You can see where this is going, I'm sure.

The problem bubbles right up to the top, requiring us to create a root
node locally.  All its dir_entries that are not ancestors of foo just
refer back to nodes in myproj; those that are ancestors refer to new
local copies of nodes along the line of ancestry, all the way down to
foo:

            ______________________________________________________
  myproj   |___1_______2________3________4________5_________6_____...etc...
                                                 /
                                                /
                   .----(back to myproj)-----> +
                  /
                 /
            ____/_________________________________________________
  xproj    |___5_______6________7________8________9_________10____...etc...
                       |
                       |
                    ___|_____
                   |D        |
                   |         |
                   | README -------------.
                   |         |            \
                   |   A     |             \
                   |    \    |              \
                   |   B \   |               \        (points back
                   |__/___\__|                \______  to a node
                     /     \                           in myproj)
                    /       \
                   /         \
                  /           \ ________
           (points back        |D       |
            to a node          |        |
            in myproj)         | subA   |
                               |___\____|
                                    \
                                     \
                                   ___\____
                                  |D       |
                                  |        |
                                  | fish   |
                                  |___\____|
                                       \
                                        \
                                      ___\____
                                     |D       |
                                     |        |
                                     | foo    |
                                     |___\____|
                                          \
                                           \
                                         ___\____
                                        |F       |        (points back
                                        |  (5)---------->  to a node
                                        |        |         in myproj)
                                        |________|


This "line-of-ancestry copying" looks a lot more expensive than it
really is.  Remember that this example project consists mostly of
directories, but a real project is mostly files, whose nodes never
need to be copied except when they change.  And directory nodes only
need to be copied the first time one of their descendents changes --
after that, the directory node is already there.
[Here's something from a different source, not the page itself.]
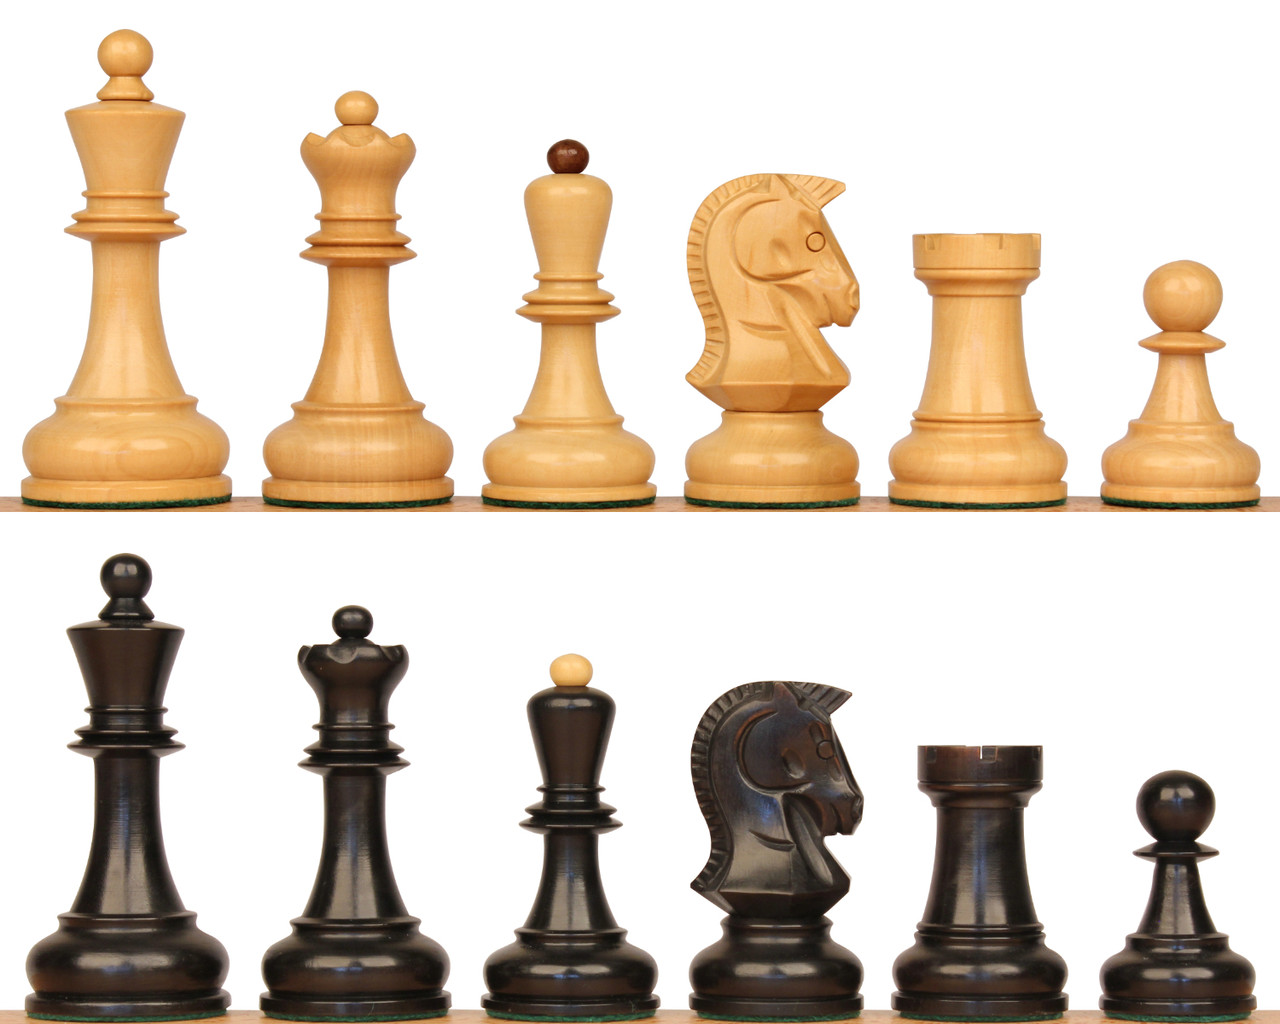 A game of chess has several kinds of pieces: pawns

Thus, a branch fills out over time, eventually holding a more-or-less
complete skeleton of the project's directories, plus any changed or
added files.

The exact method by which local entries "point back" to the original
project is not settled yet.  It might be some general URL-like syntax
that we can use in all sorts of circumstances, like

   user@inv.hostname.domain:repositoryname:myproj:5:/A/subA/fish/foo

(This will come in handy later, when we need a way to get unique
labels for the diffy chromosome chunks in partial merging... but more
about that when we get to it. :-) )

**** "Shallow" and "deep" clones (insurance against loss of trunk)

The cheapest kind of clone is constant-time and -space.  Call it a
"surface" clone, because it includes by reference wherever possible.

For tags and branches being stored in the same repository as the
original project, surface is the way to go.

But if you're making the clone on another server, then you have to make
a political judgement involving the importance of your clone, of the
historical data antecedant to your clone, and of the original
repository's stability.  What if you think that source repository
might disappear on you?  Then you want something more than just a
surface clone.  

Inversion offers two choices: "shallow" and "deep" clones.  Shallow
clones locally duplicate all the data for the version in which this
clone is rooted, but they don't duplicate anything older than that.
Deep clones duplicate the *entire* project -- the whole node
structure.  (A deep clone still remembers its ancestry, however).

Here's are the three possible kinds of clones, for reference:

   1. Surface clones
        Refers to original project wherever possible.

   2. Shallow clones
        Duplicates the node structure of the source version that roots
        this clone.  Older versions are included by reference, however.
        Ancestry is remembered.

   3. Deep clones
        Duplicates the entire node structure of the source root
        version, including back-links.  Ancestry is remembered.

fooo:
[This is why clones start at the version number they're rooted
at... (todo: explain this)]

fooo:
Explain why remembering ancestry is important even for shallow and
deep clones.

**** Merging branches

whoax

*** How meta-data is stored

Each node has a property list (key->value, key->value).  Among the
things we can store in the property list are file permissions, data
type override (text, binary, whatever), whether or not to do
platform-specific line-end conversions, etc.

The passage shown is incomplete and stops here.